I decided that I am
I decided that I am going to blog it. What I mean by that is I am going to blog my project management class project. Some reservations: confidentiality for my company and how it will work for my instructor. This could be a very short-lived experiment, based on the feedback that I get from him. First, a test to see if this will publish. It did.
Objective: writing here will contain no direct references to people, companies, or products. Even if it doesn't work for my professor, this is a good way for me to think through things, and keep track of ideas and actions.
One thing that I realized yesterday was that in order to get to consensus and management agreement on the Software Project Management Plan, I need to draw pictures, create a PowerPoint presentation, get buy-in from my technical peers on an approach.
I have been interested in the process of creating a Work Breakdown Structure, fascinated with the idea of Post-It notes on a whiteboard. I asked my instructor about that after class last Monday, and he pointed out that Microsoft Project's Ganntt chart displays dependencies and critical path, though critical path calculation is not turned on by default. Nonetheless, I did play around with Visio and a WBS, and got the connection between MS Project and Visio working. That is probably as close as I will get to the big visual of the Post-Its on the whiteboard.

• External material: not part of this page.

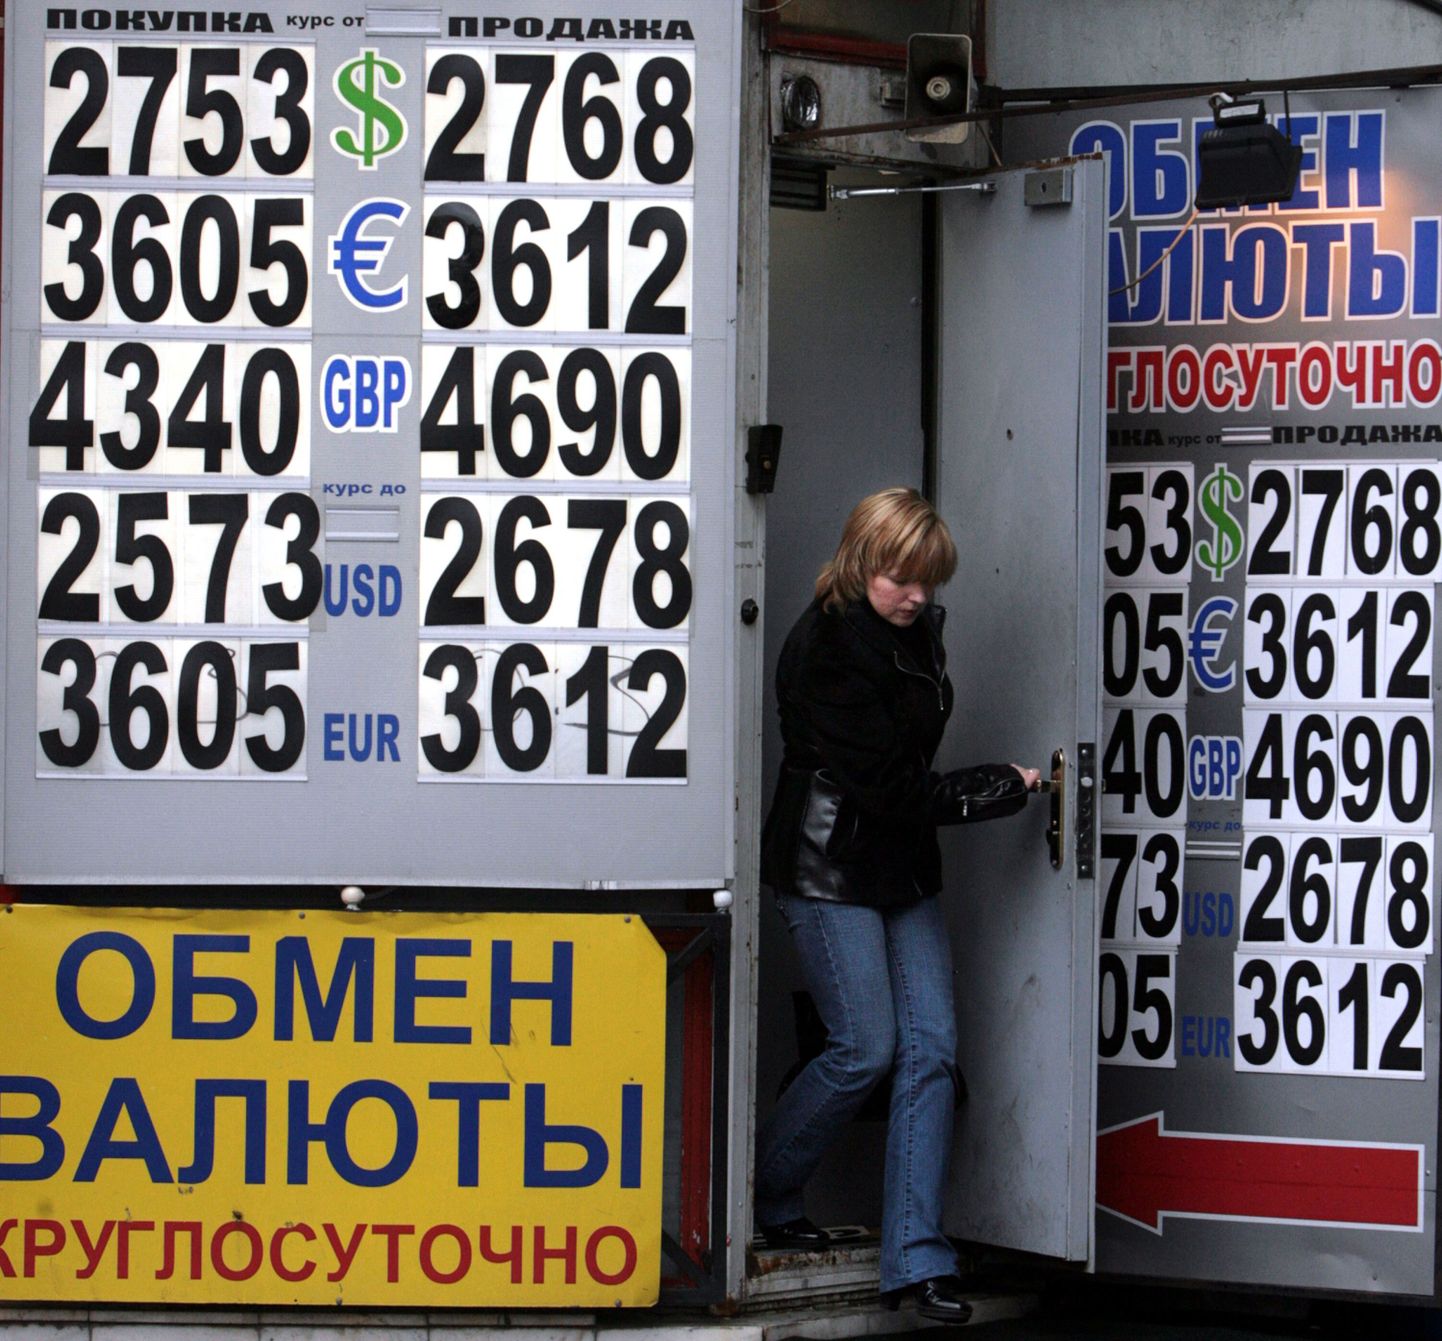 Valuutavahetuspunkt Moskvas

I am converting a template Statement of Work (SOW) to the SPMP. While doing this, I am referring to the annotations. Now that I am done with that, I am thinking requirements, thinking a charter. Especially after the following incident.
I worked on a nice Visio drawing of a high-level diagram of the system to be modified. My reasoning was to put on paper in front of people the extend of what is involved. I took that drawing to a colleague, someone experienced technically and who has been at the bank for years. His response was of the order "that won't work--try to get an exception." Emailed all of the above to my boss, who reminded me that those discussions are done--there will be not exceptionis.
One thing that occurs to me is that I feel that decisions are always fair game for being revisisted. As new information becomes available, it might actually be wise to adjust.
Anyway, now that I have the SPMP roughed out, now I am very motivated to get my management to sign-off on what they want to be done.